LS: Probably my brother Hiroshi probably went to work in the sugar beet fields in Ogden. And then probably Michi went to Minneapolis because my oldest brother was at Camp Savage at that time. And so his wife went out to be with him and so then everybody started to go to Minneapolis because they all, you know, one got a job here and one got a job out there. So my sisters went out to Minneapolis.

RP: Where did they find work in Minneapolis?

LS: My sister found a job at the hospital, St. Paul Memorial Hospital or something like that. She was working at the hospital in St. Paul. My sister was doing housework I think in, for a family there.

RP: So that was the sister that had worked in the Poston hospital? She...

LS: Right, yes.

RP: Then she... based on that experience she was able to land a job at...

LS: I believe so, yes.

RP: Did she continue on in the medical, in the medical field?

LS: No, after she came out here, after they came out to Richmond I know she was working at the naval supply. But I don't think it had to do with anything with the medical field.

RP: So your sisters went out to Minnesota, Minneapolis.

LS: Uh-huh.

RP: And then you were next?

LS: And my sister met a girl from Richmond, California. She had relocated to St. Paul, and her family had a greenhouse, flower business here in Richmond. So when the war ended, they came back to Richmond. And then she's the one who found out that there was housing here and told my sister about it so that's the reason why we ended up here. Is that, because of the housing availability.
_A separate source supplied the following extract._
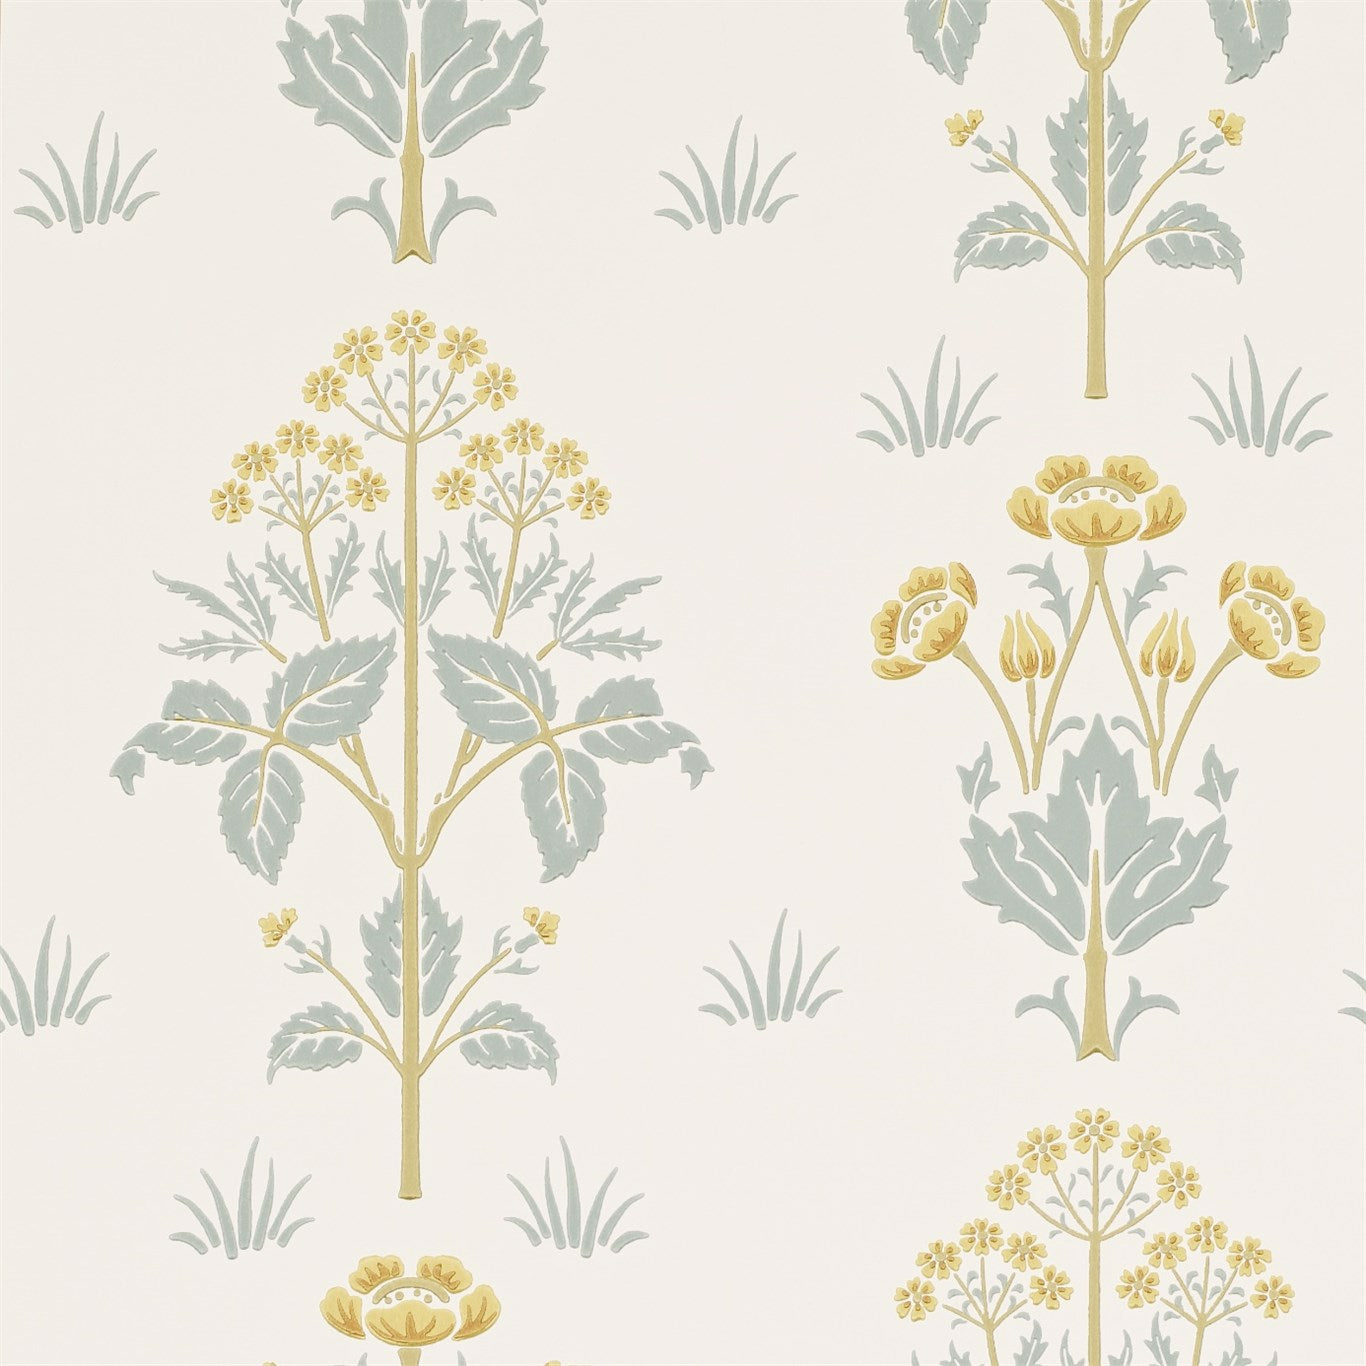 Meadow Sweet Wallpaper by Morris & Co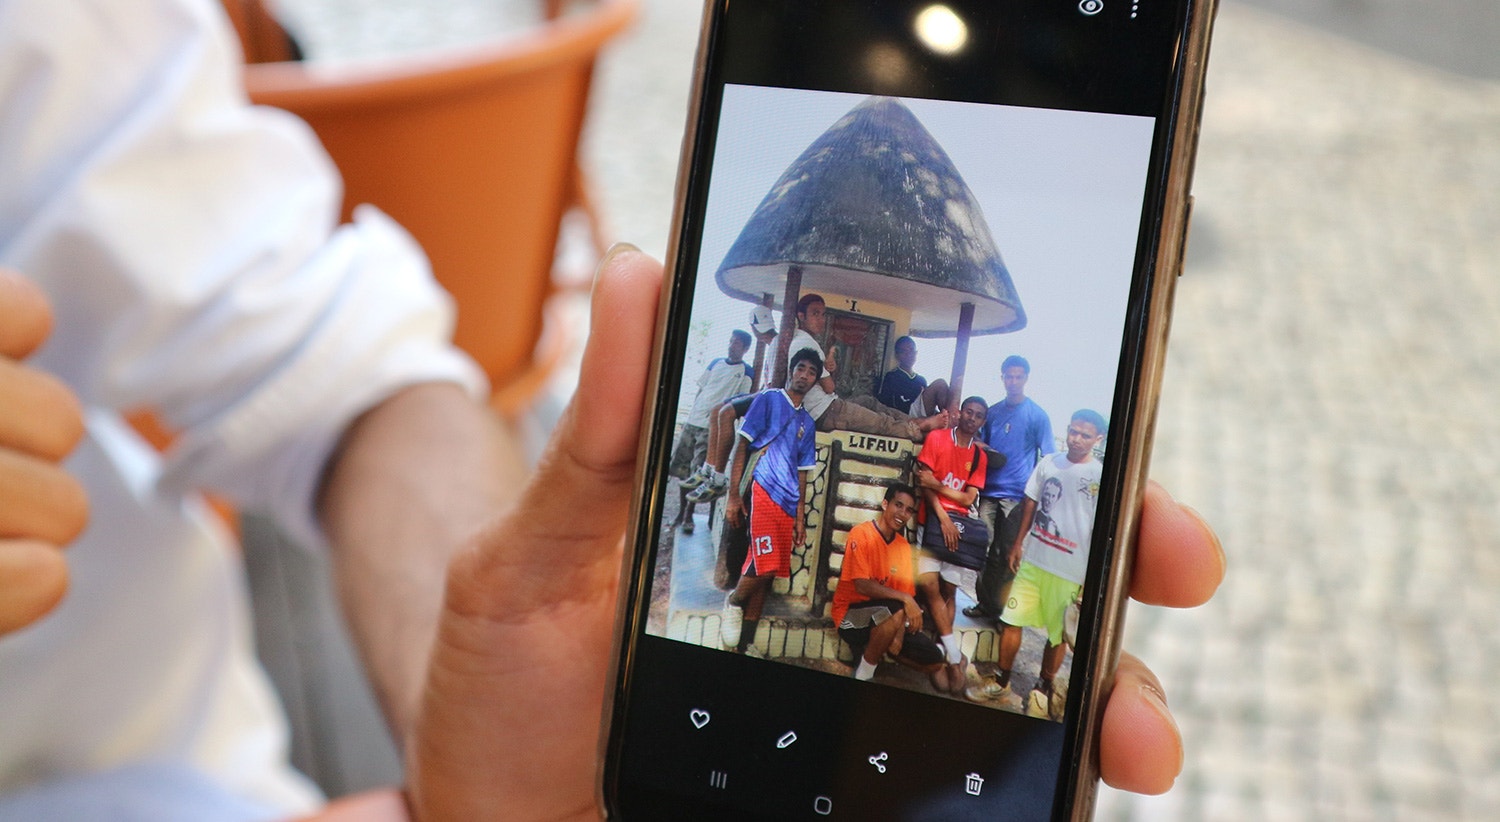  Mostra uma fotografia com os amigos em Timor.

RP: Right. So you stayed in camp...

LS: 'Til the very end. We were the last ones in camp. We were the last ones in camp.

RP: So for you, as a ten year old, did it feel, did it ever feel like home to you? Or was there that sense of, "Mom, when are we going home? Are we ever gonna get out of here?"

LS: No. Poston felt like home to me. I didn't think we would ever go back to Imperial Valley so you know, we were sort of kicked out of there in mind, so I didn't think we would ever go back there. So, yeah, Poston felt like home to me.

RP: We were talking about this opportunity that kind of fell through the cracks about originally going to Ann Arbor, Michigan. And why didn't that happen?

LS: Oh, my sister had rented a house for us in Ann Arbor but, when the people who owned the home found out it was for a Japanese family they just said, "No, we're sorry, the house isn't available." So I remember my father had made up these things for our belongings with the Ann Arbor address and everything on there, you know, all ready to get on the train to get out there. So that was, that just fell through. 'Cause they just didn't want us there. So that was okay. It ended up all right.